Indexing and hashing is used to speed up data retrieval in databases. Instead of scanning an entire file, indexes provide fast access paths to records using keys. When a file is modified, every index on the file must be updated.
Search Key
An attribute or set of attributes used to look up records.
Index File
A separate data structure that stores pairs (index records) of the form:
(search-key, pointer to record)
Much smaller than the original file.
Index-Sequential File
Ordered sequential file with a primary index.
B+ Tree Index File
Dynamic, self-balancing tree structure for indexing. An alternative to indexed-sequential files.
Automatically reorganizes after inserts/deletes (no file rebuild). Avoids block overflows. Keeps all keys in sorted order. Excellent for range and equality queries.
Slightly higher space and update overhead. Still, dominant indexing method in modern DBMS.
Index Evaluation Metrics
When comparing index types, measure:
- Access time: how quickly data is found.
- Insertion/deletion time: update performance.
- Space overhead: extra storage used by index.
- Supported access types: exact-match or range-based.
Dense Index
One index entry per search-key value. Points directly to the record. Faster lookups. More space. More maintenance cost.
Sparse Index
Indexes only some search-key values. Can only be used when data is physically ordered on key.
Less space. Easier maintenance. Slow lookups.
To find a key :
- Find the index entry with largest key .
- Scan sequentially in the file.
Ordered Index
Keys stored in sorted order.
Primary Index
Aka. clustering index. Order of index matches file order. Usually (but not always) based on the primary key. One per file. Sequential scan is efficient.
Secondary Index
Aka. non-clustering index. Based on non-ordering attribute(s). Can be many per file. Must be dense. Sequential scan is inefficient.
Hash Index
Keys mapped to buckets using a hash function.
Multilevel Index
When a sparse index is built from a index file. Named outer index and inner index respectively.

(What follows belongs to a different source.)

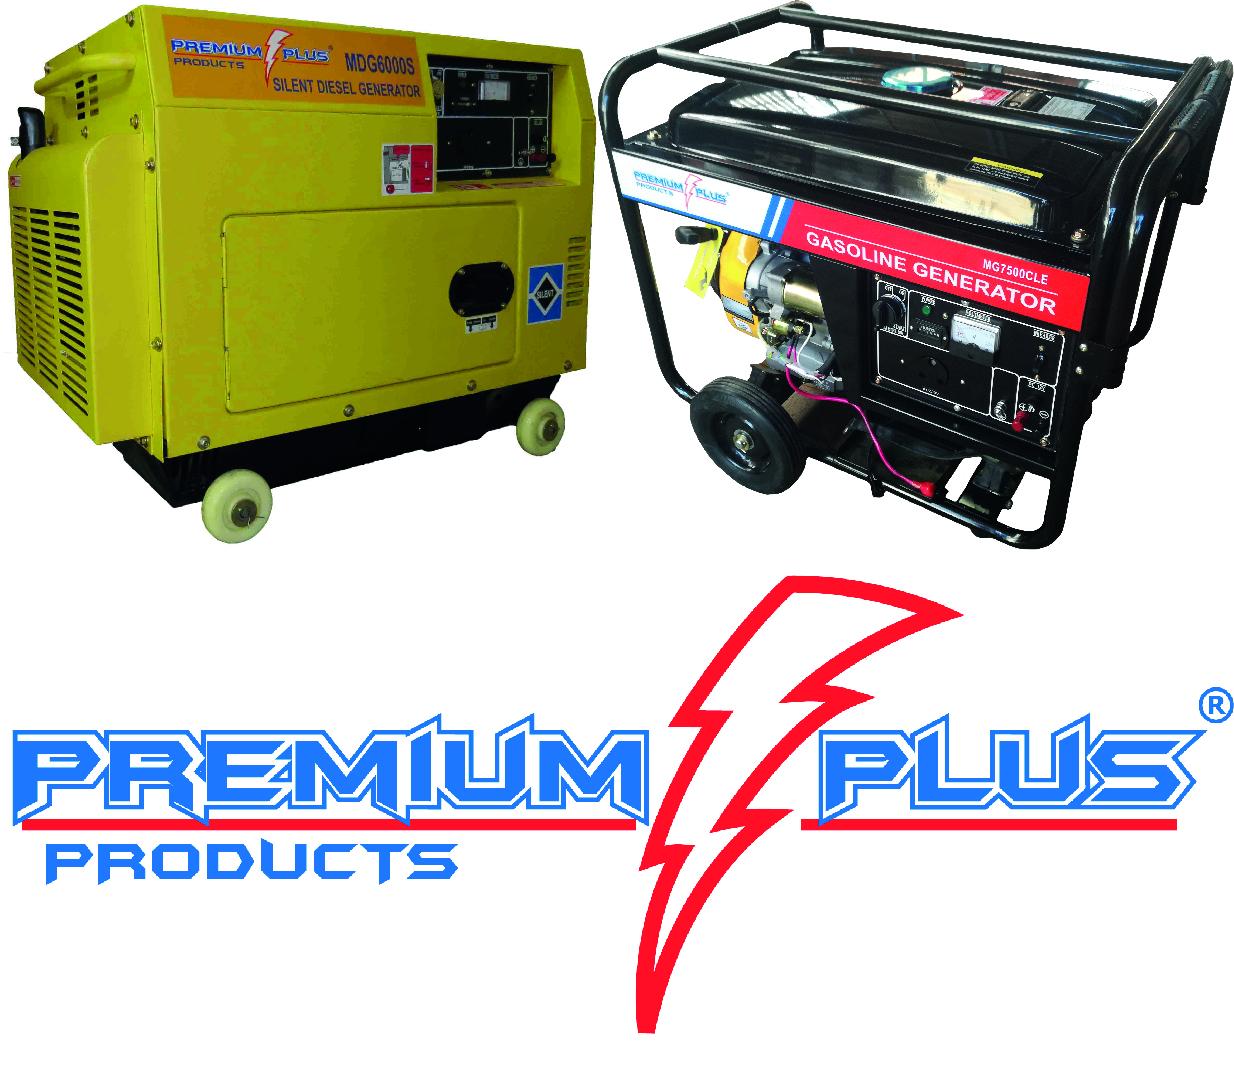 Premium Plus Generators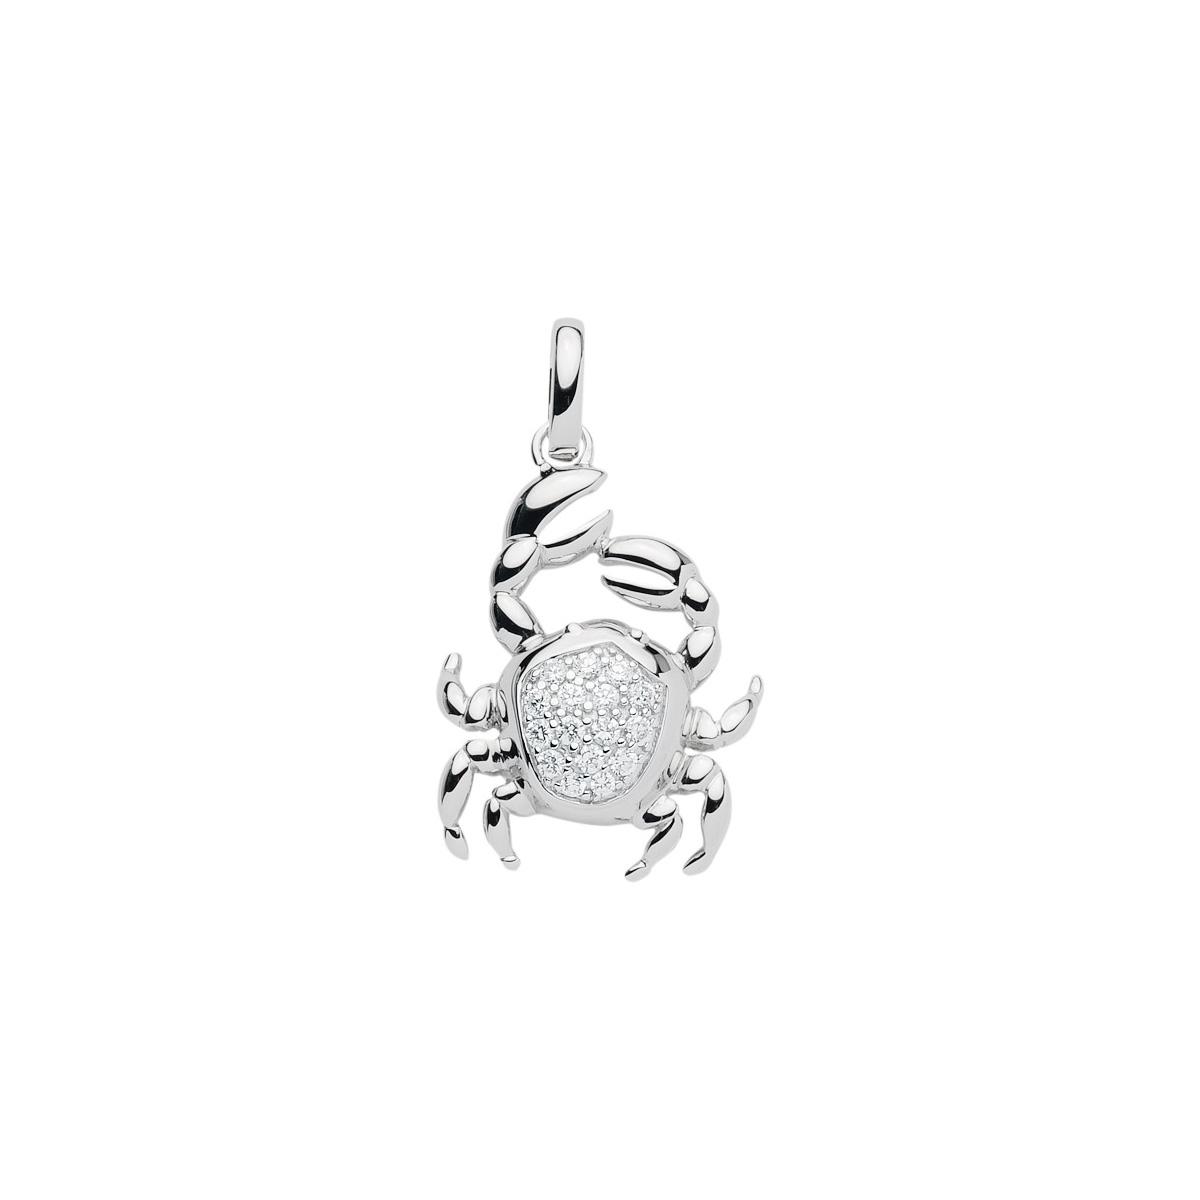 99-KREBS sølv vedhæng - Krebsens Stjernetegn som sølv vedhæng til halskæder

All indices must be updated during insert/delete.
Used when the inner index is too large to fit in memory.
Bitmap Index
A bitmap is an array of bits. Can only be used when the attribute has a small domain. One bitmap per attribute value.
Hashing
Static Hashing
Each record is stored in a bucket determined by a hash function:
- Each bucket is typically one disk block.
- Used for equality search (not range queries).
- Example:
h(DeptName) = sum(char codes) mod 10.
Bucket Overflow
Occurs when too few buckets or non-uniform data distribution.
Handling Overflow
- Overflow chaining: overflow buckets linked in a list.
- Called closed hashing.
- Open hashing (without overflow buckets) is unsuitable for DBMS use.
Hash Function Design
A good hash function:
- Distributes keys uniformly across buckets.
- Minimizes overflow chains.
- Avoids clustering of similar key values.
Poor hash functions map many keys to the same bucket → slow access.